Los fariseos se revolvieron inquietos. Pero el Cristo no estaba dispuesto a concederles cuartel. La casi totalidad de los 5000 miembros de las comunidades o hermandades de fariseos de Israel eran comerciantes, artesanos o campesinos, carentes de la sólida formación de los escribas y que, en base a sus estrictas normas para con la pureza y el pago del diezmo, se habían elevado por encima de los
ammê ha' -ares
o gran masa del pueblo de Israel. Este engreimiento y dureza de corazón era algo que no soportaba el rabí de Galilea. Y no tardó en proclamarlo en sus propias narices, para regocijo de unos y nerviosismo de otros; en especial de sus más allegados, que temían la ira de los que se autoproclamaban como el «partido del pueblo».

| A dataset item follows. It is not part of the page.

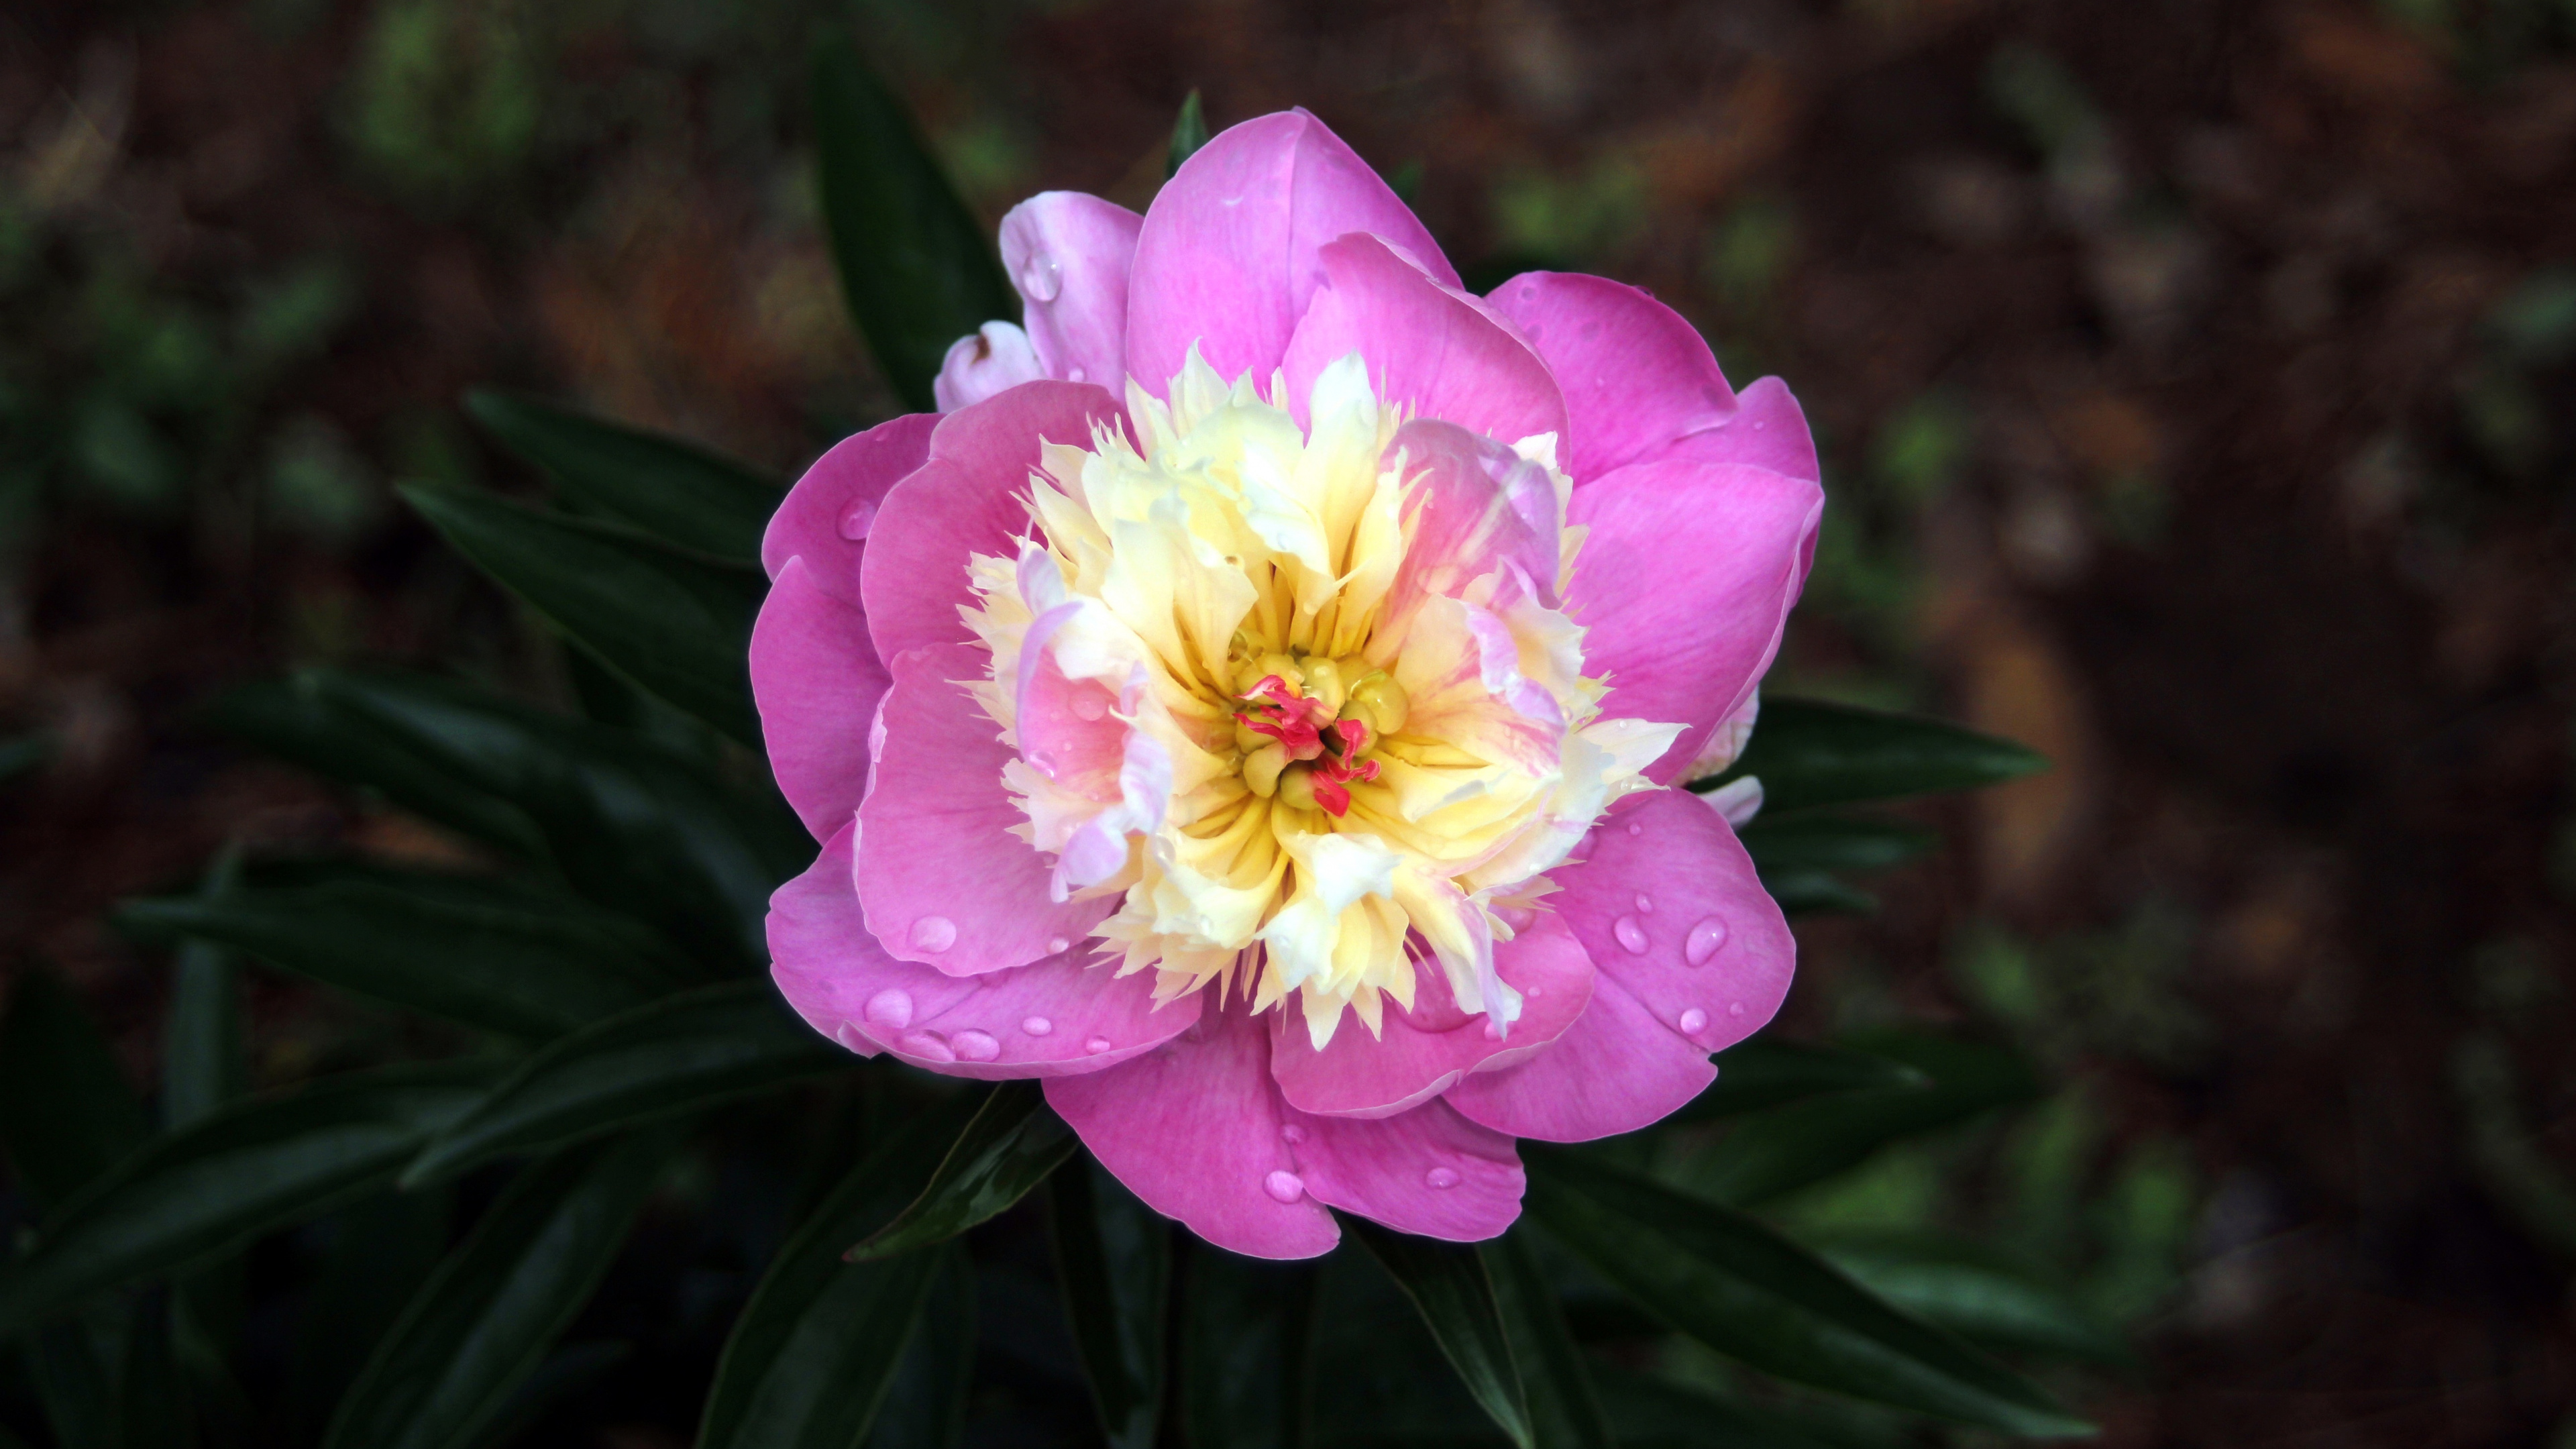 Pink Flower in Tilt Shift Lens. Wallpaper in 3840x2160 Resolution
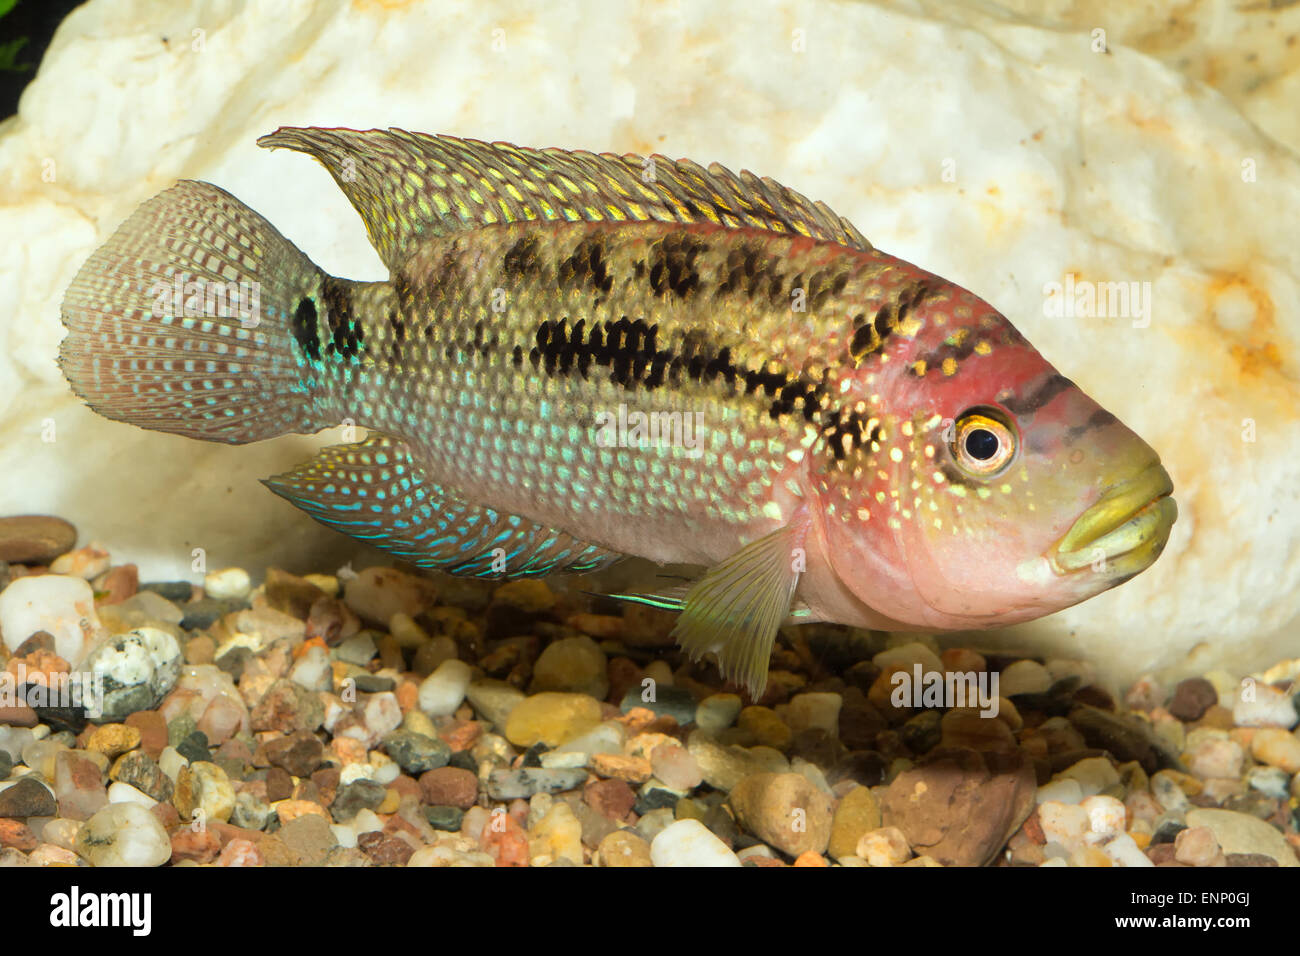 Aquarium cichlid fish from the genus Rocio. Stock Photo

-¡Ay de vosotros, fariseos! -lanzó Jesús valientemente-. Sois como un perro acostado en el pesebre de los bueyes: ni come él, ni deja comer a los bueyes.
-¿Quién eres tú -esgrimieron los representantes de Caifás con aire de suficiencia- para enseñarnos dónde está la Verdad?
-¿Para qué salisteis al campo? -arremetió el Nazareno-. ¿Para ver quizá una caña agitada por el viento?... ¿Para ver a un hombre con vestidos delicados? Vuestros reyes y vuestros grandes personajes -vosotros mismos- os cubrís de vestidos de seda y púrpura, pero yo os digo que no podrán conocer la Verdad...
-Veinticuatro profetas han hablado en Israel y nosotros seguimos su ejemplo...
Los comensales volvieron sus rostros hacia Jesús. Pero el Galileo seguía imperturbable. Su dominio de la situación había crispado los ánimos de los fariseos.